Elevated serum levels of macrophage-derived chemokine and thymus and activation-regulated chemokine in autistic children.
In some autistic children, there is an imbalance of T helper (Th)1/Th2 lymphocytes toward Th2, which may be responsible for the induction of the production of autoantibodies in these children.
Th2 lymphocytes express CCR4 receptors. CCR4 ligands include macrophage-derived chemokine (MDC) and thymus and activation-regulated chemokine (TARC). They direct trafficking and recruitment of Th2 cells. We are the first to measure serum levels of CCR4 ligands in relation to the degree of the severity of autism.
Serum concentrations of MDC and TARC were measured, by quantitative sandwich enzyme immunoassay technique, in 56 autistic children and 32 healthy matched children.
Autistic children had significantly higher serum levels of MDC and TARC than healthy controls (P <0.001 and P <0.001, respectively).
Children with severe autism had significantly higher serum levels of MDC and TARC than patients with mild to moderate autism (P <0.001 and P = 0.01, respectively).
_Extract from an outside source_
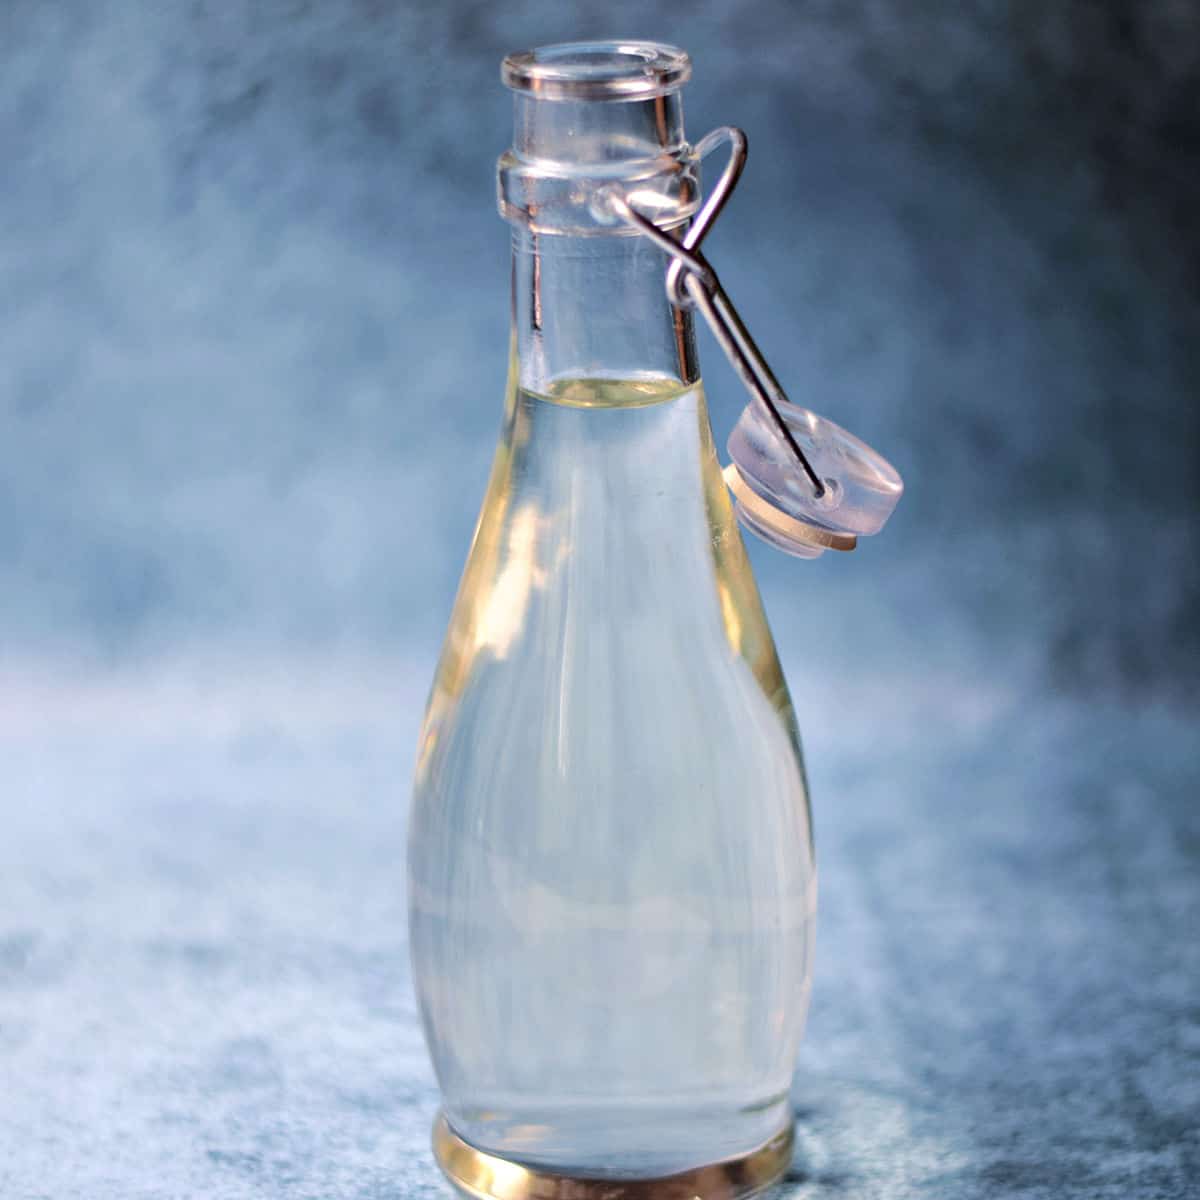 Clear simple syrup in a glass bottle with a blue sponged background.

In addition, there were significant positive correlations between CARS and serum levels of both MDC (P <0.001) and TARC (P <0.001) in children with autism.
There were significant positive correlations between serum levels of MDC and TARC in autistic children (P <0.001).
Serum levels of CCR4 ligands were elevated in autistic children and they were significantly correlated to the degree of the severity of autism.
However, further research is warranted to determine the pathogenic role of CCR4 ligands in autism and to shed light on the therapeutic role of CCR4-ligand antagonism in autistic children.
Chemokines are a group of small structurally related proteins that regulate cell trafficking of various types of leukocytes. The chemokines also play fundamental roles in the development, homeostasis, and function of the immune system, and they have effects on cells of the central nervous system as well as on endothelial cells involved in angiogenesis or angiostasis.